I've followed the instructions in the cognos java tuning doc to turn on the GC logging which is how I identified the issue but it doesn't offer any advice on how to improve the system with regards to speeding up the GC process or make it happen less frequently.

I did reduce the memory allocated from 1152 to 768 but apart from making the GC more frequent it didn't allievate the service slowdowns, I'm now thinking I should go the other way and make it a lot bigger, perhaps 2048 to see if that reduces the frequency of the GC even if it doesn't remove the slowdowns when it happens.

Also in the GC logs I get a lot of entries like this :-

141161.002: [GC 141161.002: [ParNew (promotion failed): 195665K->195665K(196480K), 0.0049551 secs]141161.007: [CMS (concurrent mode failure): 549611K->550081K(589824K), 1.1084267 secs] 745261K->550081K(786304K), 1.1136433 secs]

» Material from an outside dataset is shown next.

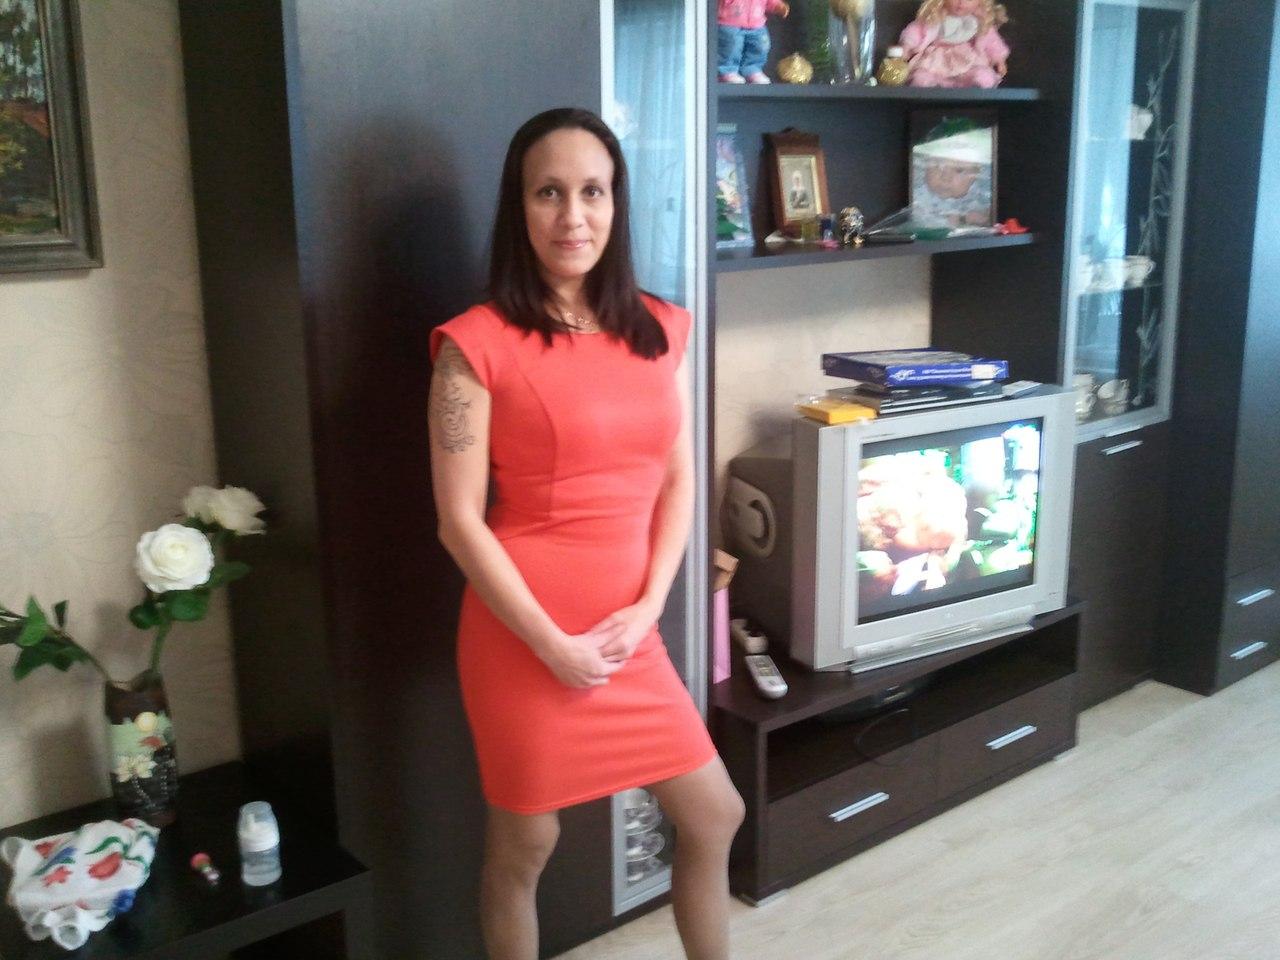 Хостес казино новосибирск оргонизация подпольных казино
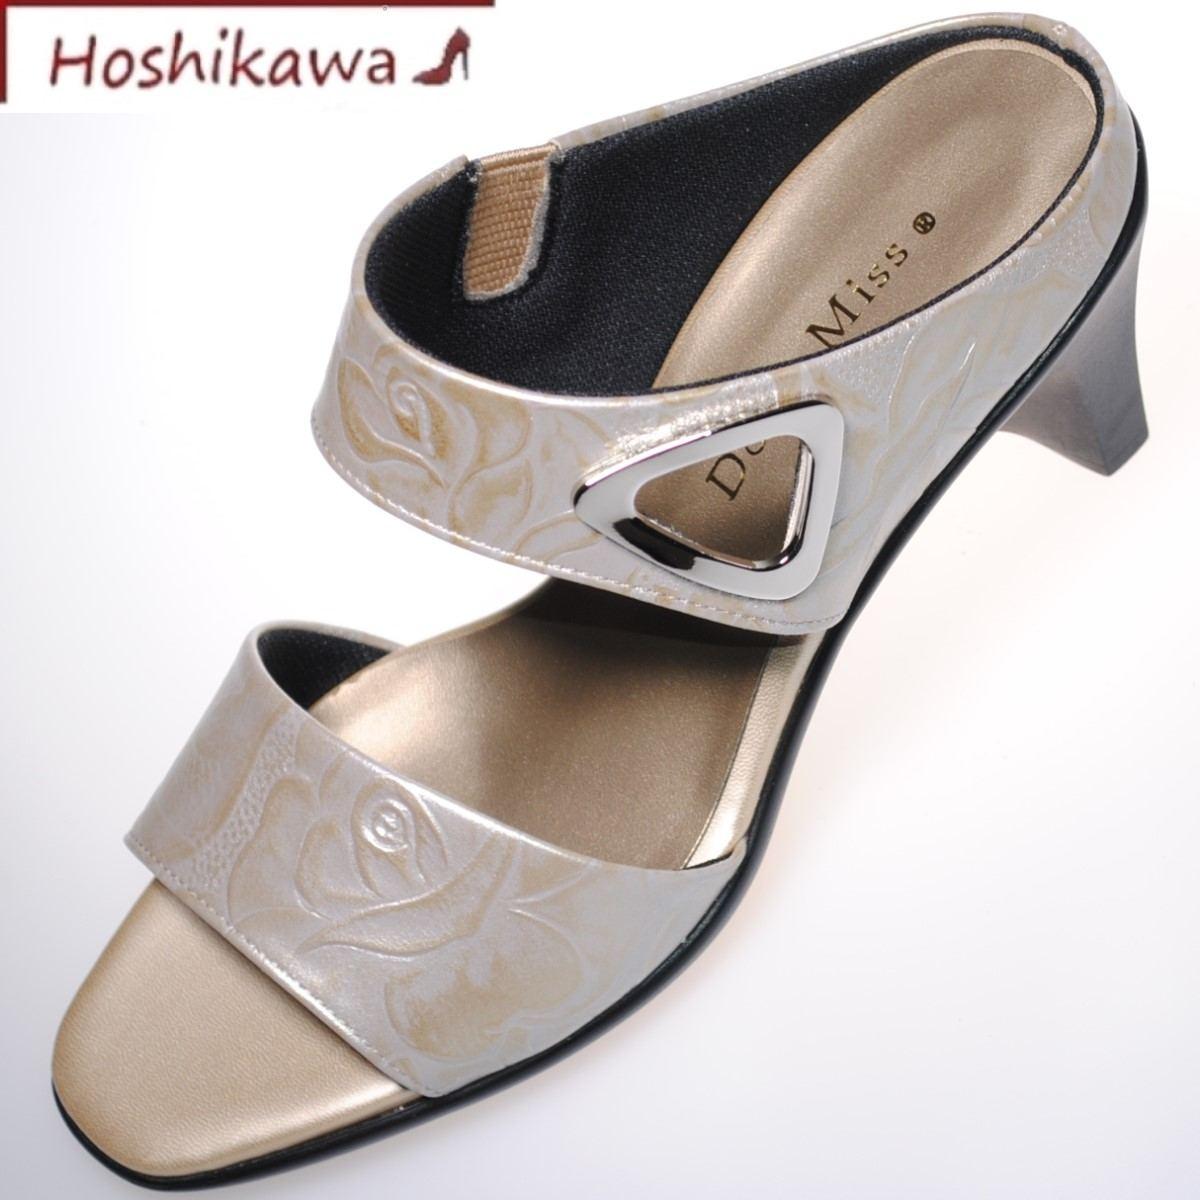 【靴のHOSHIKAWA】 『Dona Miss 335』21.5cm~24.5cm

when the system is experencing it's higher cpu usage and slower portal performance.

Jonathan

kolonell

Quote
In general the cpu usage of the cognos java process on either zone is usually > 1% except when around every hour when garbage collection is occuring, then the cpu usage rises to around 5% and the reports service response becomes slow for the end users who are logging in or navigating around cognos connection. When the garbage collection finishes the performance of the portal is a lot quicker and the cpu usage returns to its sub 1% level.
that looks like a full garbage collection is occuring ... that almost freezes all other threads in the java process hence the freeze in performance.

Quote
141161.002: [GC 141161.002: [ParNew (promotion failed): 195665K->195665K(196480K), 0.0049551 secs]
141161.007: [CMS (concurrent mode failure): 549611K->550081K(589824K), 1.1084267 secs]
745261K->550081K(786304K), 1.1136433 secs]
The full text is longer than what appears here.